September 17, 2024
Conference Paper

OPER: Optimality-Guided Embedding Table Parallelization for Large-scale Recommendation Model

Abstract

With the sharp increasing volume of user data, Deep Learning Recommendation Model (DLRM) becomes an indispensable infrastructure in large technology companies. However, large-scale DLRM on the multi-GPU platform is still inefficient due to unbalanced workload partitioning and intensive inter-GPU communication. To this end, we propose OPER, an OPtimality guided Embedding table placement for large-scale Recommendation model training and inference. OPER explores the potential of mitigating remote memory access latency in DLRM through fine-grained embedding table placement. Specifically, OPER proposes a theoretical modeling that builds up the relationship between EMT placement and the embedding communication latency in both training and inference. OPER proves the NP hardness of finding the optimal embedding table placement and proposes a heuristic algorithm that yields near optimal placement. OPER implements a SHMEM-based embedding table training system and a unified embedding index mapping to support fine-grained embedding table sharding and placement. Comprehensive experiments reveal that OPER achieves on average 3.4× and 5.1× speedup on training and inference respectively over state-of-the-art DLRM frameworks.
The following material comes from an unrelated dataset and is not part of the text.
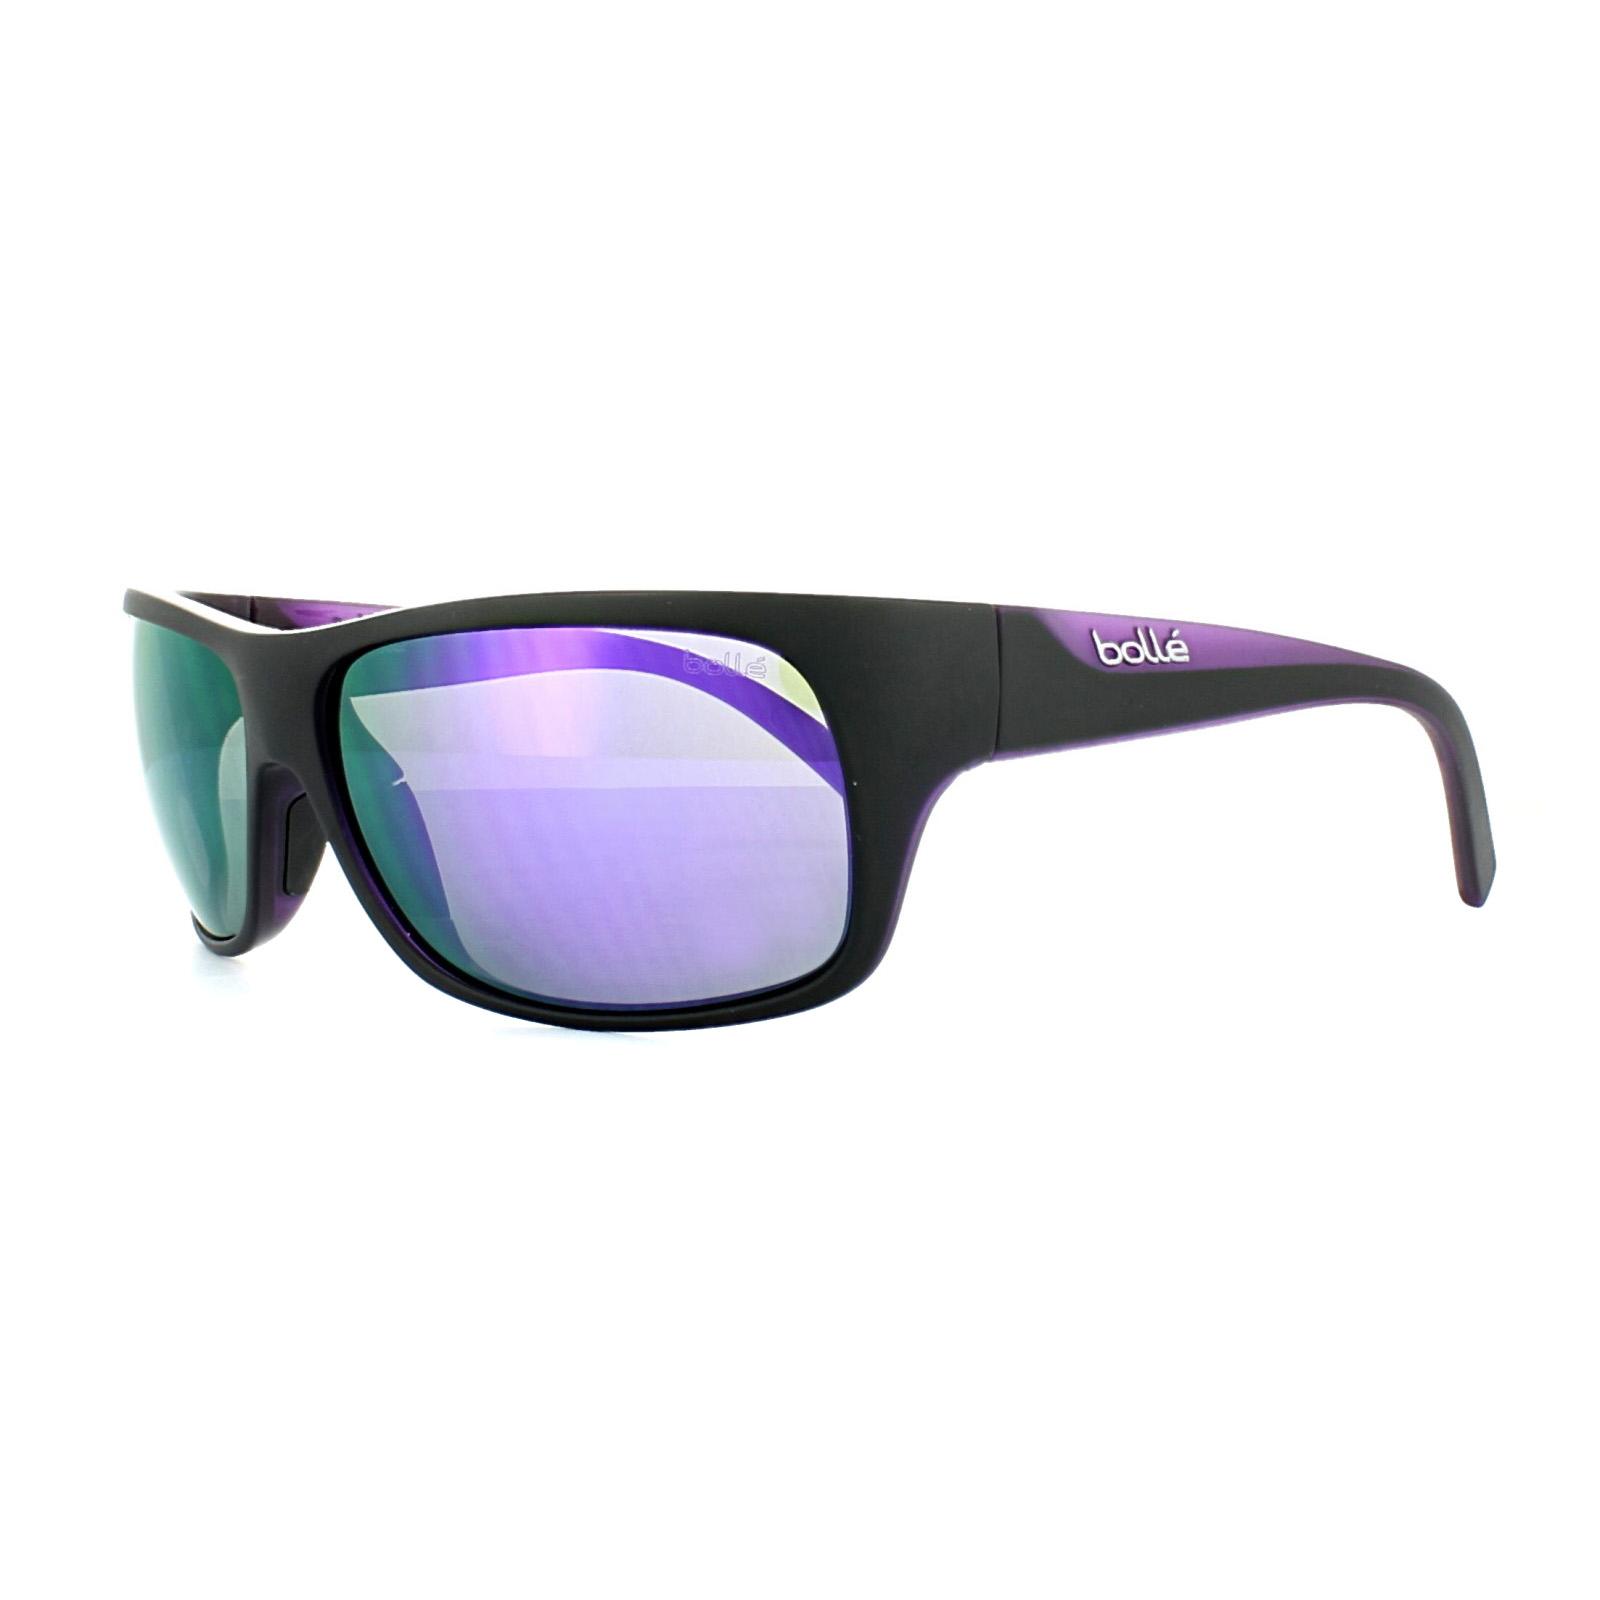 b1ac5d2e13 Sentinel Bolle Sunglasses Viper 11947 Matt Black Blue Violet Mirror
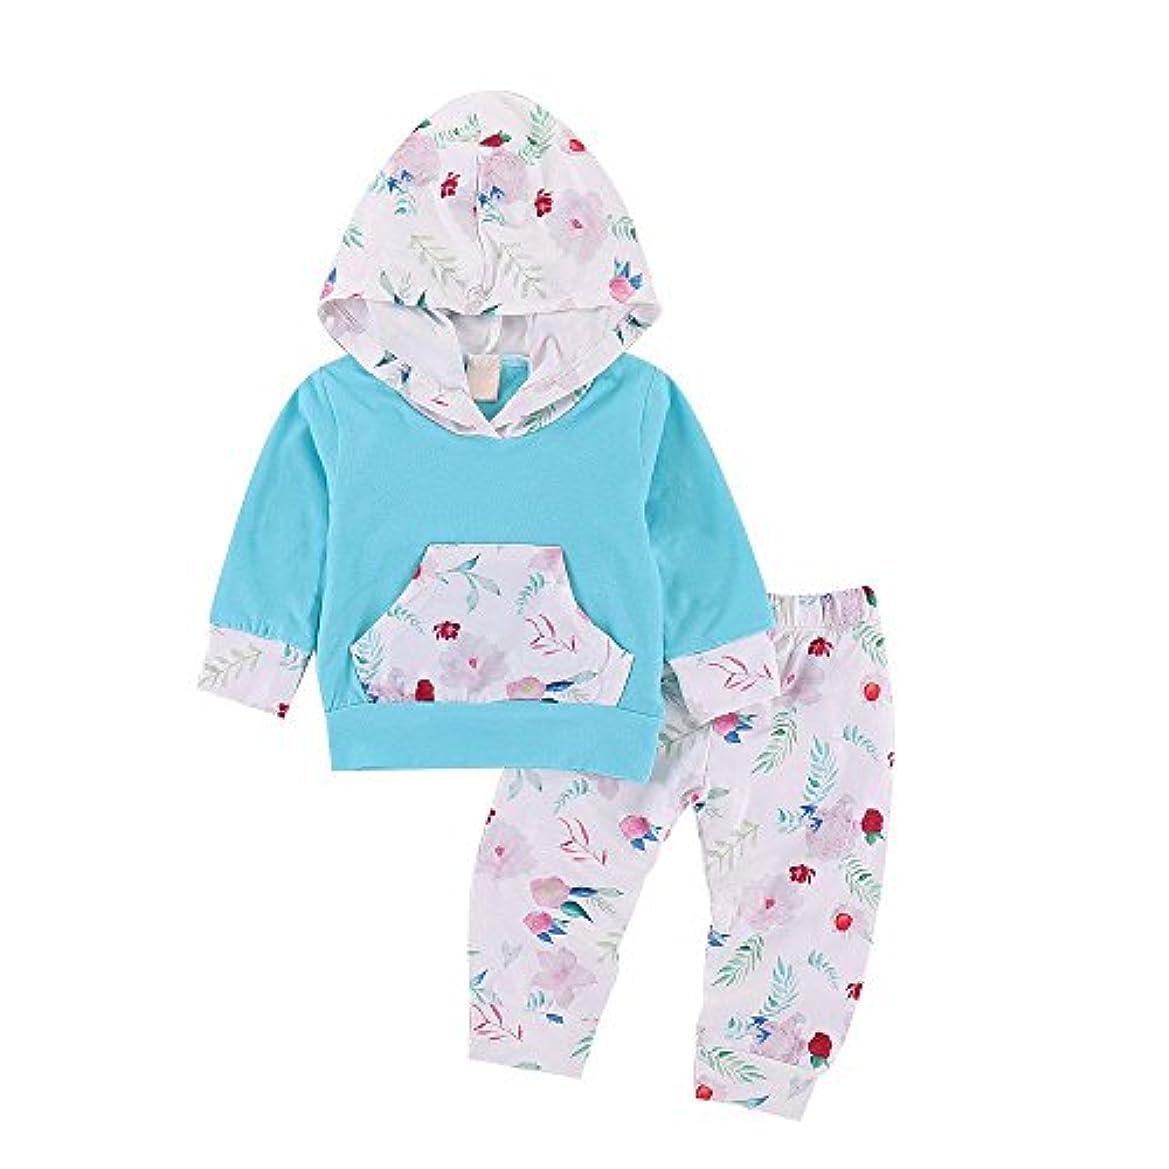 BHKK 子供 幼児少年少女少女の長袖フラワーパーカーズトップスとパンツのコスチューム 6ヶ月 - 24ヶ月 24ヶ月

Published: September 17, 2024

Citation

Wang Z., Y. Wang, B. Feng, G. Huang, D. Mudigere, B. Muthiah, and A. Li, et al. 2024. OPER: Optimality-Guided Embedding Table Parallelization for Large-scale Recommendation Model. In USENIX Annual Technical Conference, July 10-12, 2024, Santa Clara, CA, 667-682. Berkeley, California:USENIX: The Advanced Computing Systems Association. PNNL-SA-178386.